队伍行至天津桥,这里是洛水之上,往年上元灯会最是繁华之地,此刻唯有寒风呼啸,洛水呜咽。桥头,早已有数十位白发苍苍的耆老等候在此,他们身着最庄重的礼服,手持香烛祭品,在礼部官员引导下,向灵柩方向跪拜行礼。他们是洛阳及周边德高望重的长者,代表着“民望”。一位百岁人瑞,在儿孙搀扶下,颤巍巍上前,将一杯水酒缓缓洒在桥头,老泪纵横,用嘶哑的声音高声道:“皇天不仁,夺我贤孙!殿下仁德,泽被苍生,小民等无以为报,唯以此浊酒,敬献灵前,祈殿下早登极乐,护我大周……” 言罢,俯身长拜,涕泗横流。身后耆老与周围百姓,无不随之叩首,悲声大作。这民间自发的、超越了礼制规范的祭奠,以其最质朴真挚的情感,为这场国葬增添了一份沉甸甸的人心分量。
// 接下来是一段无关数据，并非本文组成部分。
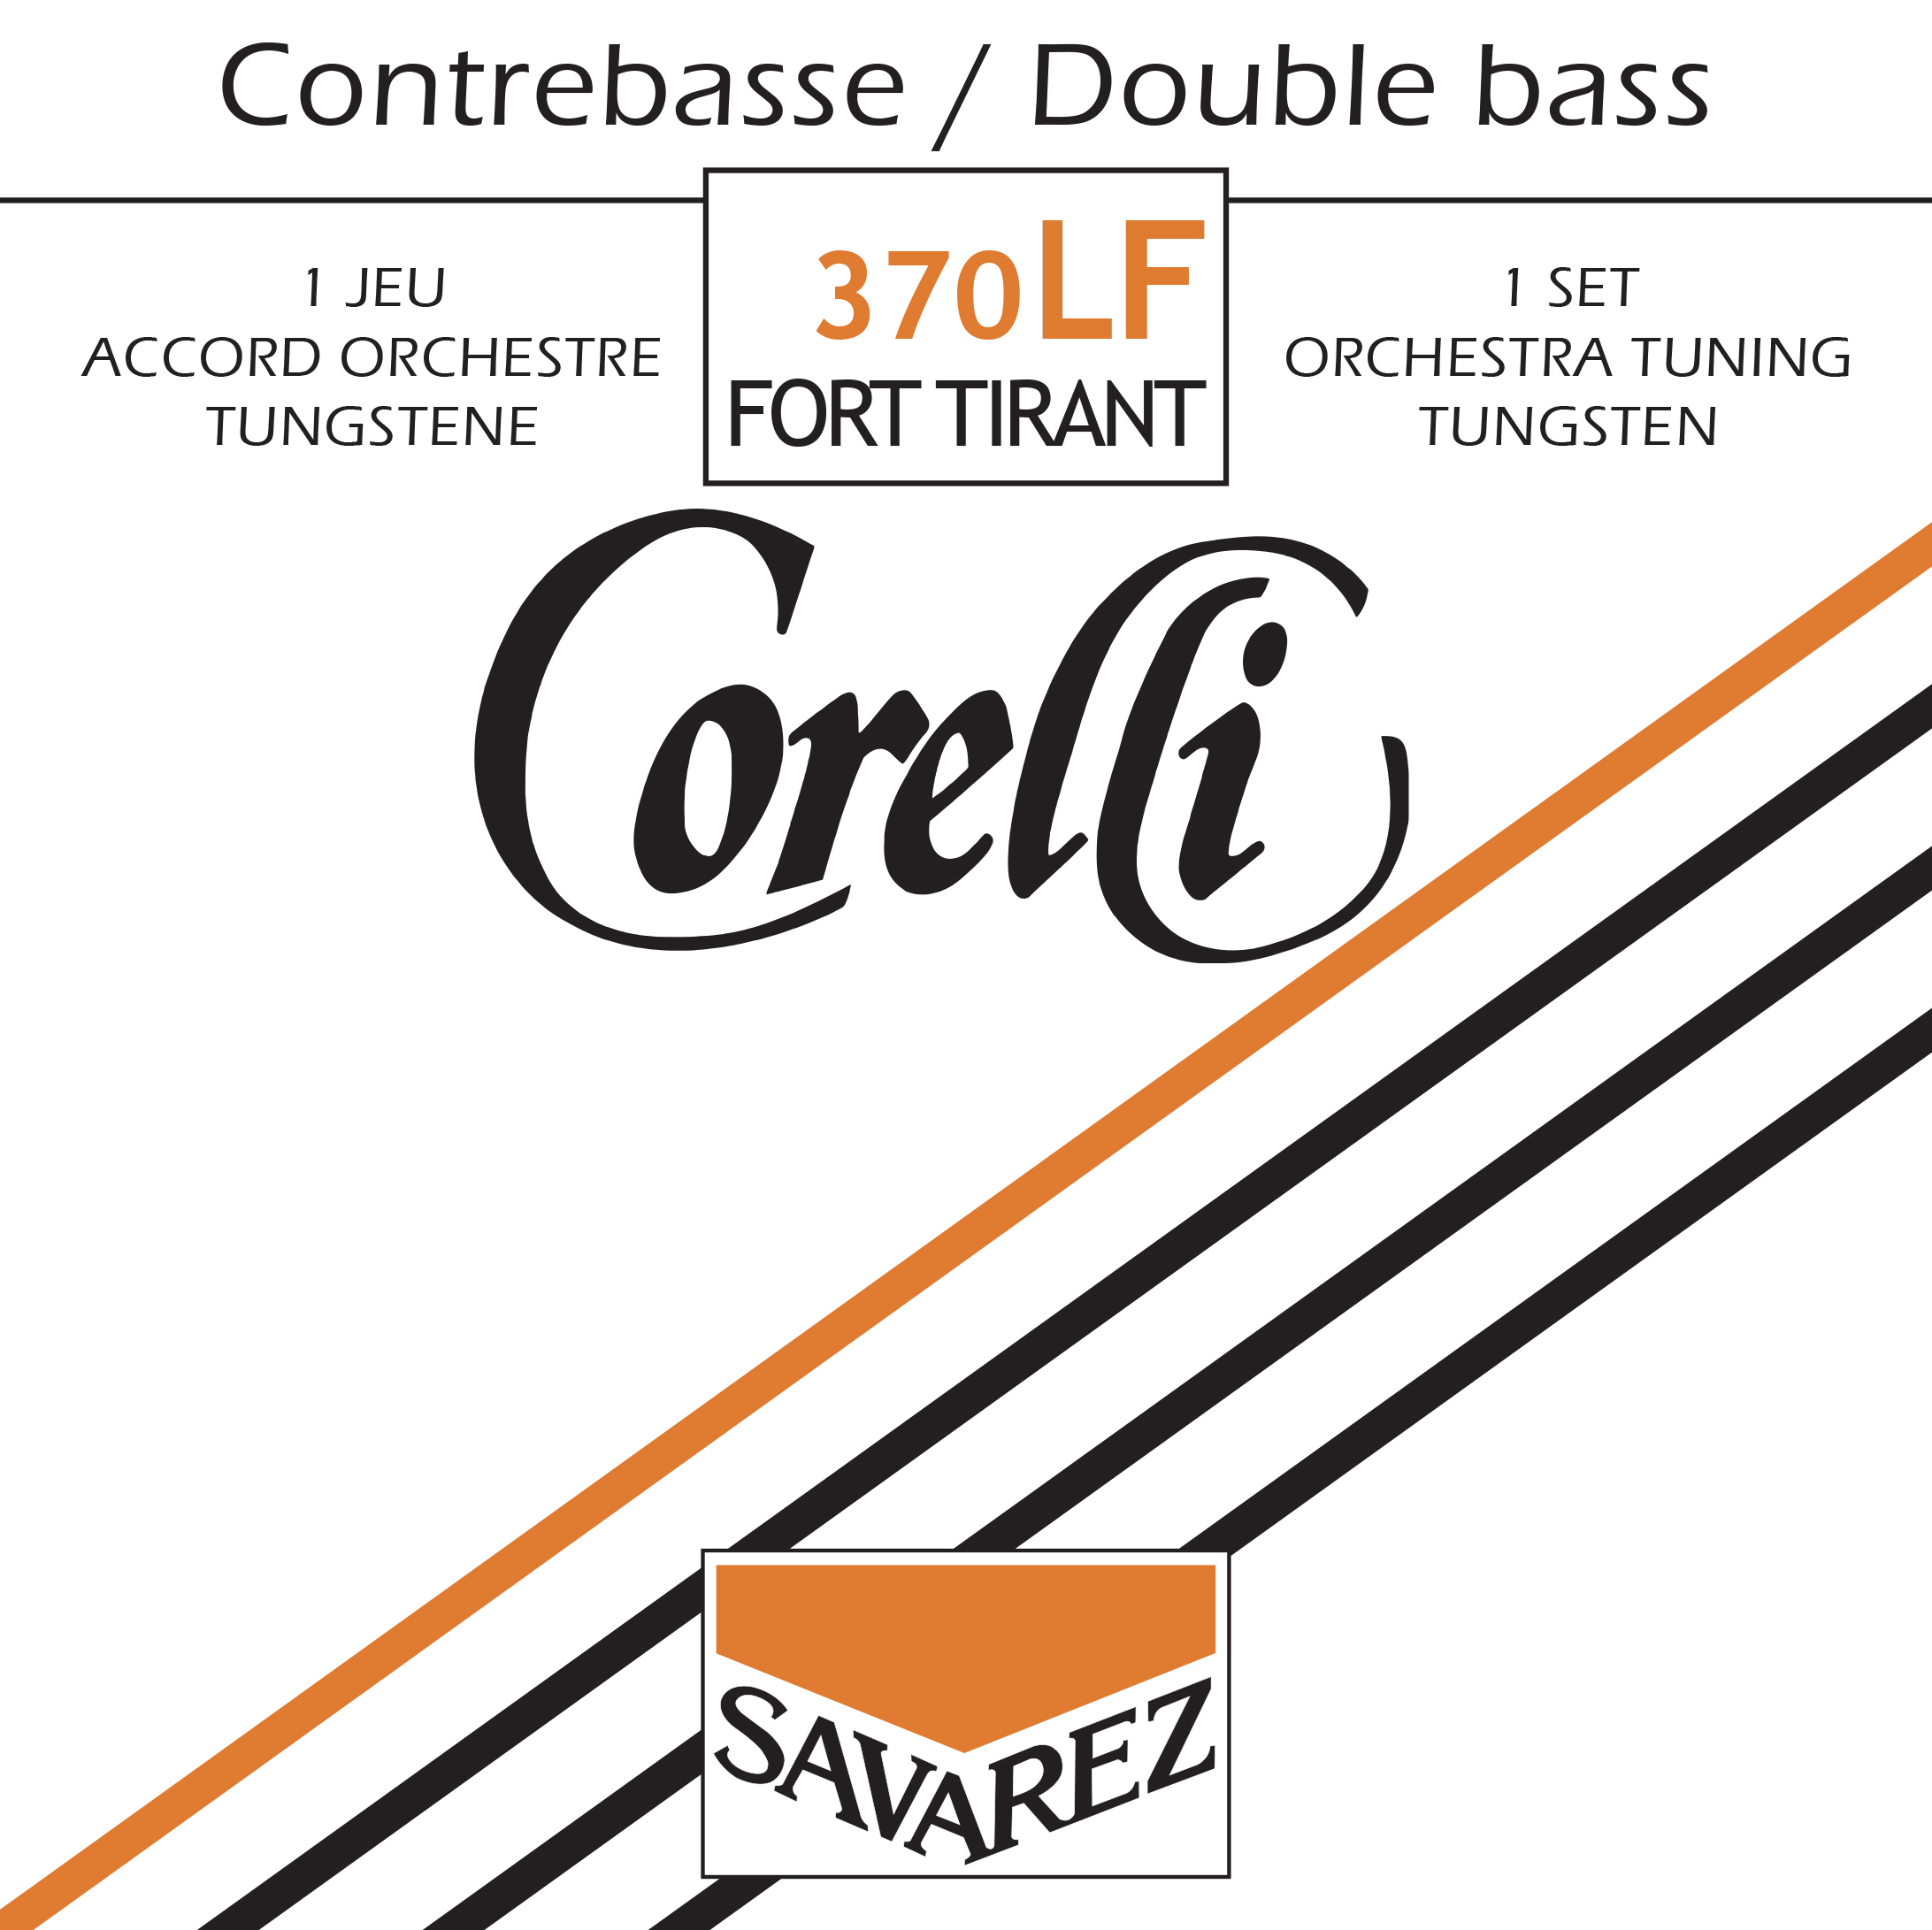 CORELLI FORT TIRANT 370LF
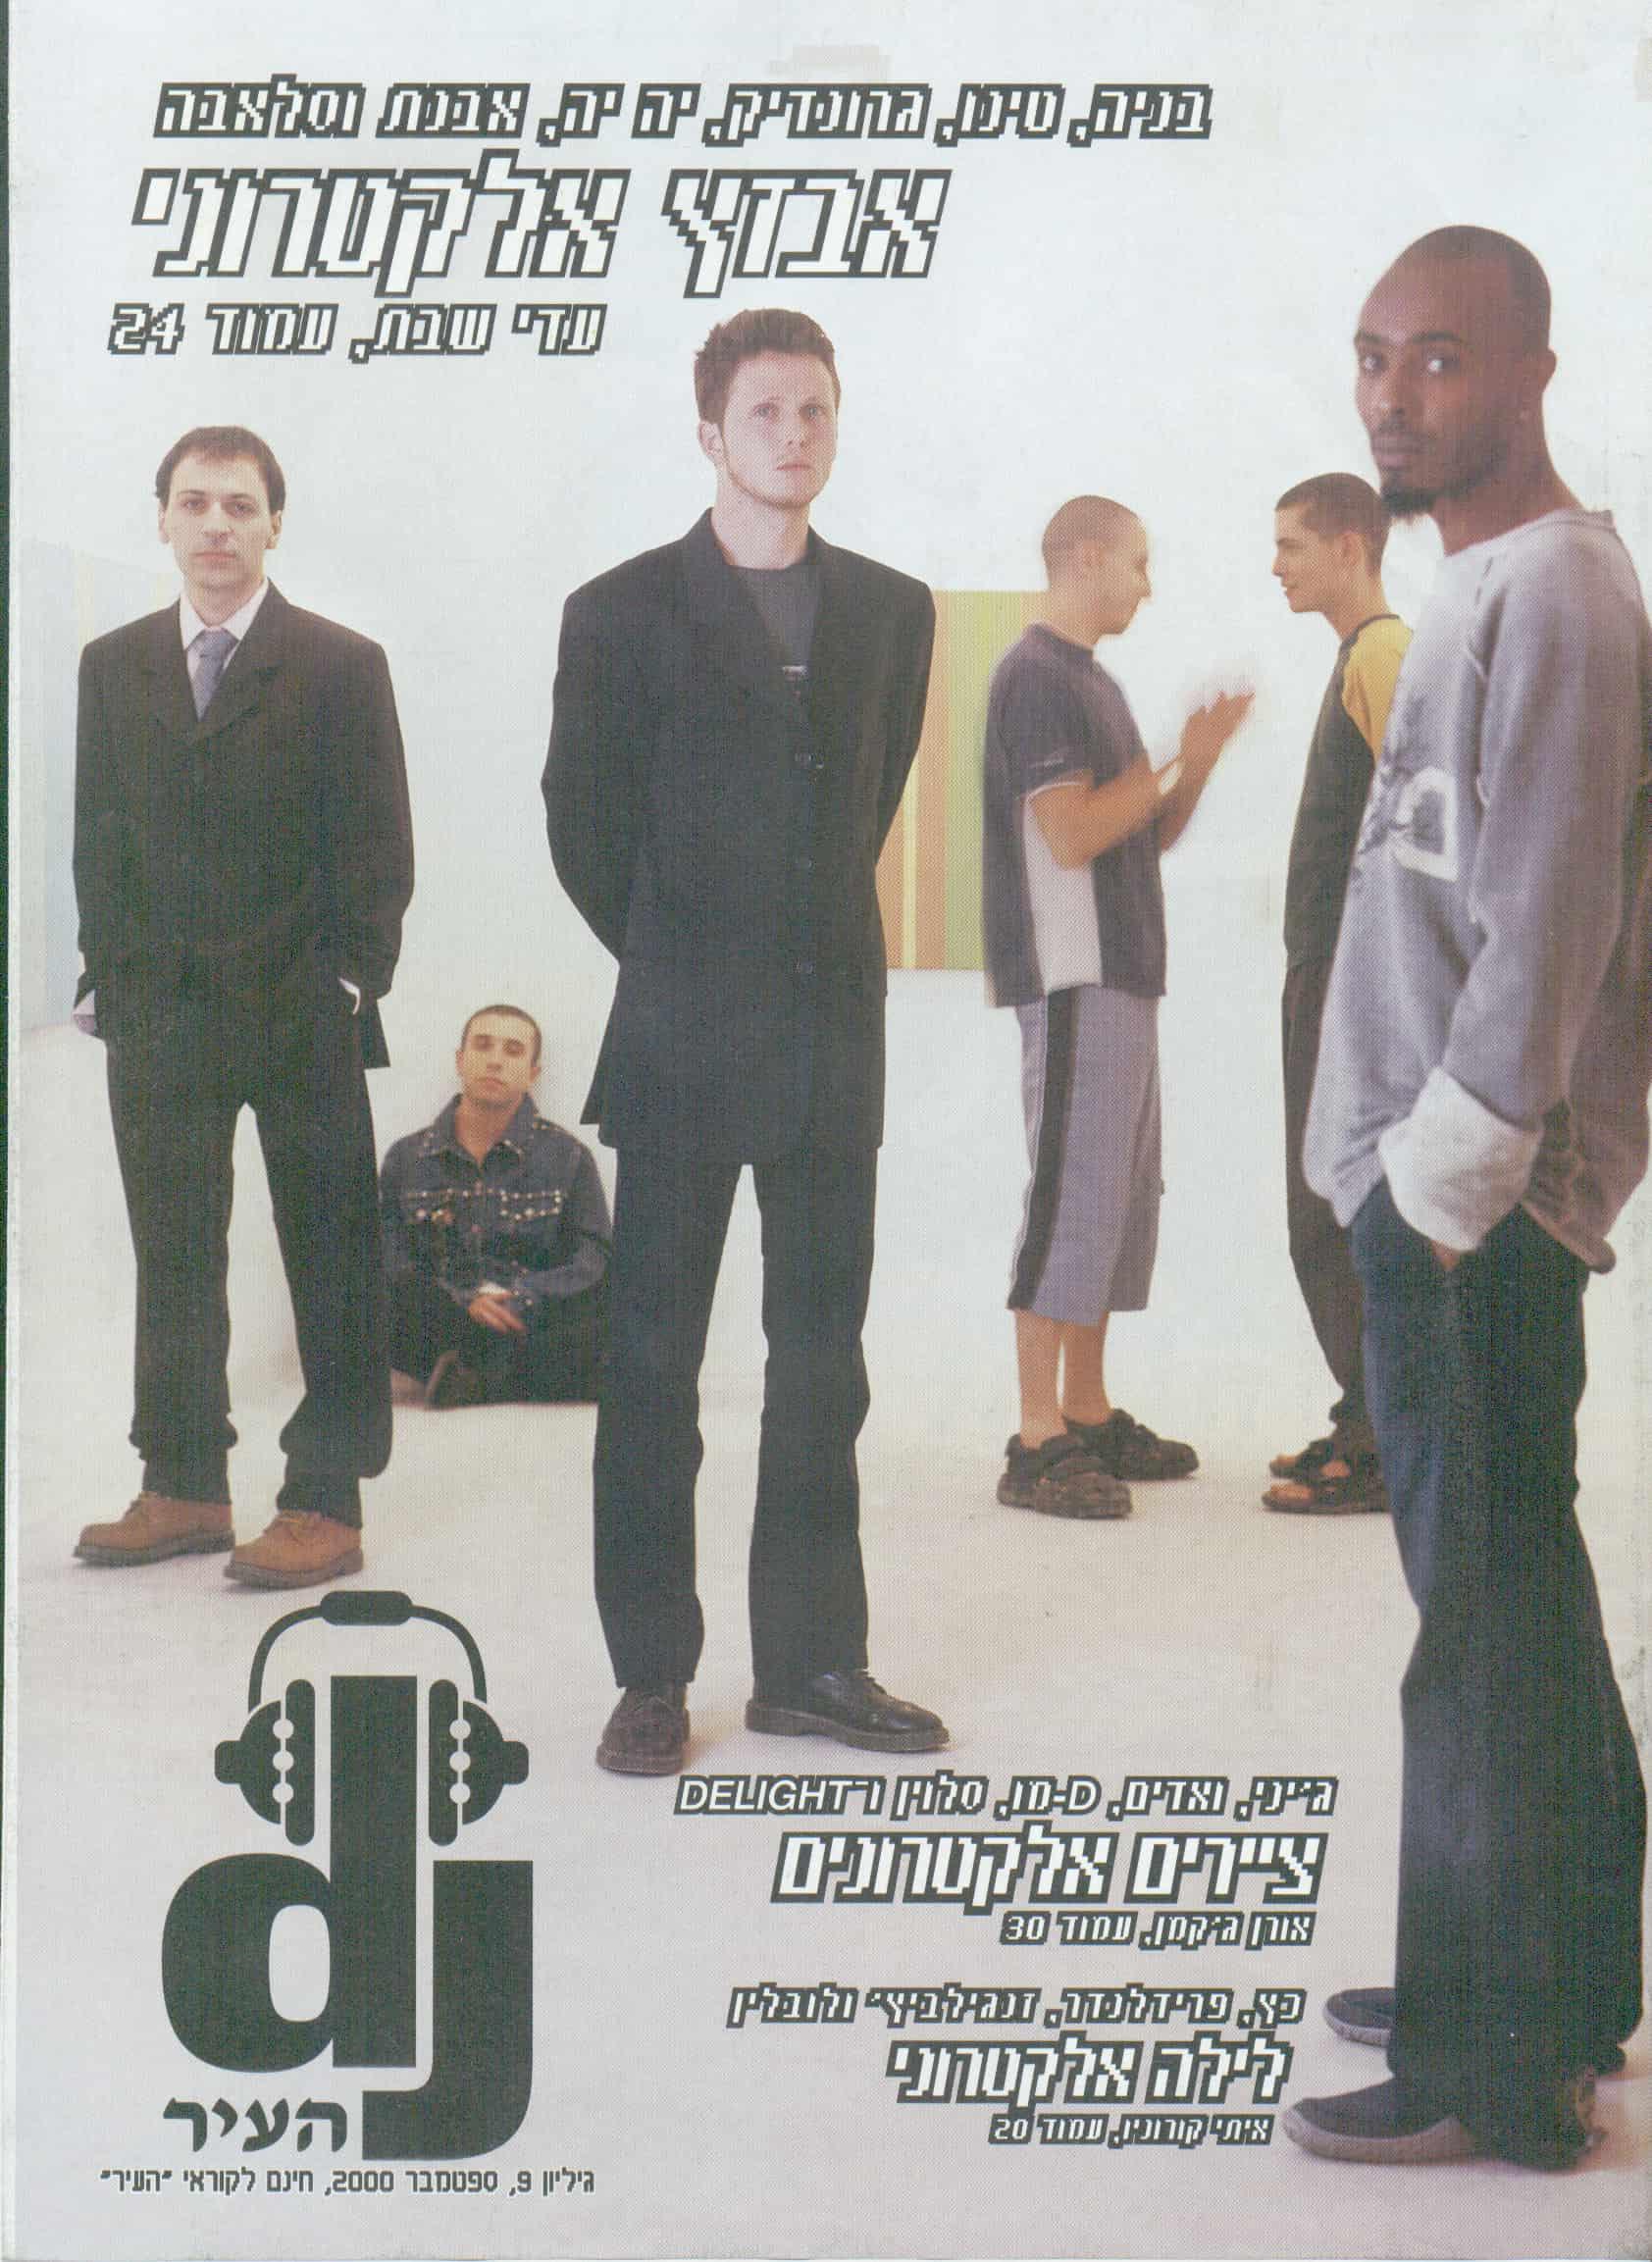 dj1 - Avuz Electroni, DJ Ha-Ir, Fact records, 06.02.2001

更有许多太学生、国子监生徒,自发组织起来,身着素服,手捧书卷,默默跪在街道两侧。他们中许多人,曾听过太孙讲学,或仰慕其名。一位年轻学子忽然站起身,对着灵柩方向,用尽全力朗诵起《诗经·蓼莪》:“蓼蓼者莪,匪莪伊蒿。哀哀父母,生我劬劳……” 声音清越而悲怆,在寒风中传开。随即,更多的学子加入,齐声朗诵,声震长街:“……父兮生我,母兮鞠我。抚我畜我,长我育我,顾我复我,出入腹我。欲报之德,昊天罔极!” 这悼念父母养育之恩的诗篇,此刻用来哀悼一位“民之父母”般的未来君主,更是字字泣血,闻者无不落泪。苏琬望着那些年轻而悲戚的面孔,心中恻然。这些学子,本应是帝国的未来,他们此刻的悲痛,何尝不是对未来导师、同道者逝去的深切哀悼?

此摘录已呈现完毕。